Bulleh Shah witnessed a great political upheaval and social turbulence. Nadir Shah invaded India in 1739 and ruthlessly plundered Punjab and sacked Delhi shattering the Muhgal prestige. His protégé Ahmed Shah started his series of attacks against Punjab in 1748. His forces trampled Punjab and ransacked Lahore in the vicinity of which lived Bulleh Shah. Commenting on the situation he says: “Punjab is in shambles / the dread of hell’s deep recess has stricken us”. The Mughal regime, battered and adrift, unable to protect the people provided an opportunity for the local political forces to rise against the oppressive rule which had been enfeebled. “Men with coarse brown blankets have been made kings / Mughals drank the cups of poisoned hemlock”, he tells us.

The men with coarse blankets epitomised the peasants power who led by Sikh leaders rose in rebellion against the desperate but dispirited elite. Peasants led by Sikh warlords in Punjab and Marathas across Yamuna challenged the writ of the empire which was fast becoming ineffective because of internal decay and external pressure. Uncertain and trying conditions created by foreign invasions and internal rebellions produced a violent free for all where one could see all against all.

The crisis caused great anguish to Bulleh Shah who saw Muslim ruling elite pitted against Hindus, Sikhs and foreign Muslim invaders, Hindus and Sikhs pitted against ruling elite and foreign Muslims invaders, and foreign Muslim invaders pitted against Indian Muslim elite and Hindus and Sikhs. It was a frighteningly complex situation which put an end to all certainties handed down by the past and created for Bulleh Shah a philosophic question of human identity. Identities, religious, national and regional, lost their meanings for him as these when emphasised and flaunted in a crisis situation exhibited lack of humanity and humaneness.

Clearly hinting at the clash of religious identities he says; “Muslims fear funeral pyres/ Hindus fear being tombed up/both die in just this/this is all their rancor sums up/in my shawl a thief’s bundled up/Here Ram Das, there Fateh Muhammad / to this age old babble they are keyed up / rubbed out now the bickering of both / something else turns up / in my shawl a thief’s bundled up”- [Trans – Muzaffar Ghaffar].

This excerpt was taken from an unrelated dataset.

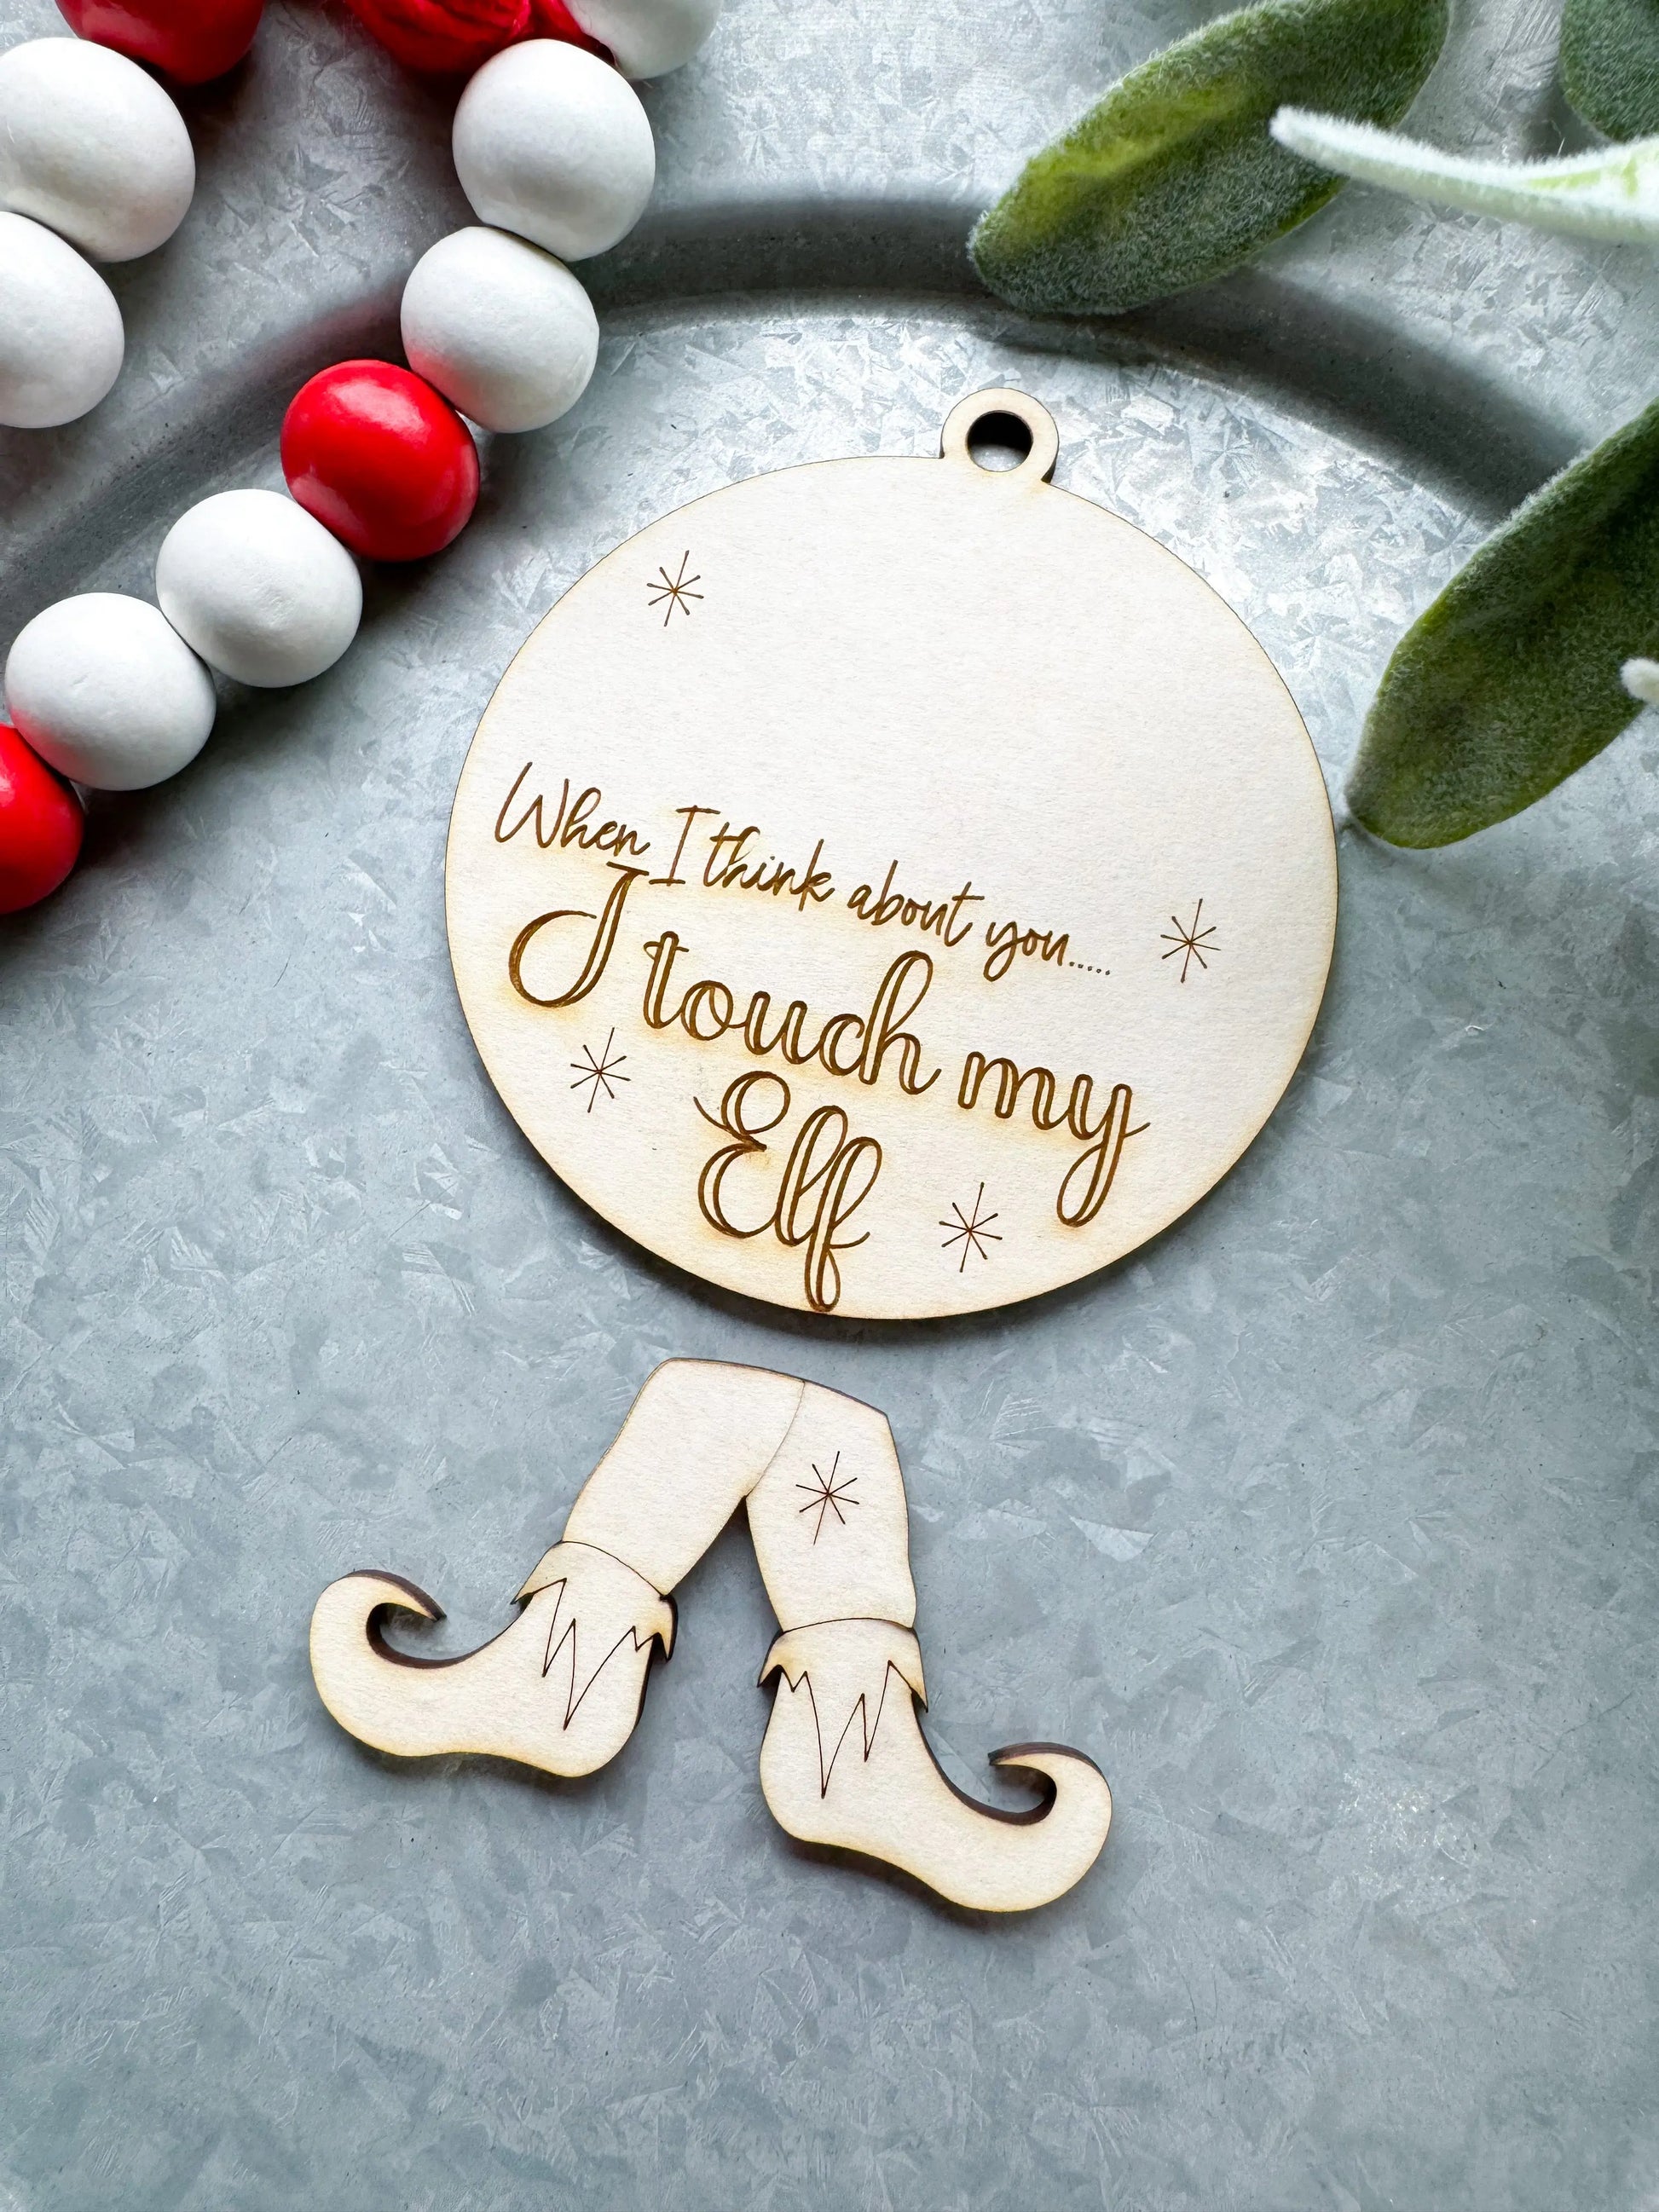 Paint Your Own Naughty Ornaments - Option 1 - Hey There Crafty LLC

Religious identity without humanism only exposes its exclusive nature which denies the reality of other than what it is. Here is what he says on racial, ethnic and national/regional identity; “I am neither Arab nor from Lahore/nor Indian from town Nagor/neither Hindu nor Turk from Peshaur/ nor in Nadaon do I stow / Bullah who am I, what do I know”? The role of diverse identities wasn’t the conundrum for their being diverse but because of specific conditions which made them conflicting and exclusive. Diversity has been an inescapable fact of life in the subcontinent since time immemorial.

Existence of diverse identities has created serious problems whenever it hasn’t been tackled and dealt with rationally in a naturally evolved historical context with humanised consciousness. All of us will have a space for ourselves as long as we are ready to share it with others. Basis of sharing can be nothing other than our humanity. Common good is what can bind us together.

While pointing to multiplicity of identities which causes conflict, Bulleh Shah refers to what can eliminate the friction; our humanity. “First and last, only know I/ knowing every other I deny/ to greater wisdom none qualify/ Bullah, who’s the inner one on show/Bullah who am I, what do I know”? He can see through the waffle of identities. The fundamental reference for him is human being per se shorn of externalities. So man is the measure, not in the sense the Sophists taught us but in the sense of man per se being the very core of what constitutes human. What constitutes the core of being human is what’s shared by all human beings regardless of race, class, colour creed and gender.

In Bulleh Shah’s view we can live with our diverse identities if they are premised on the assumption of our shared humanity.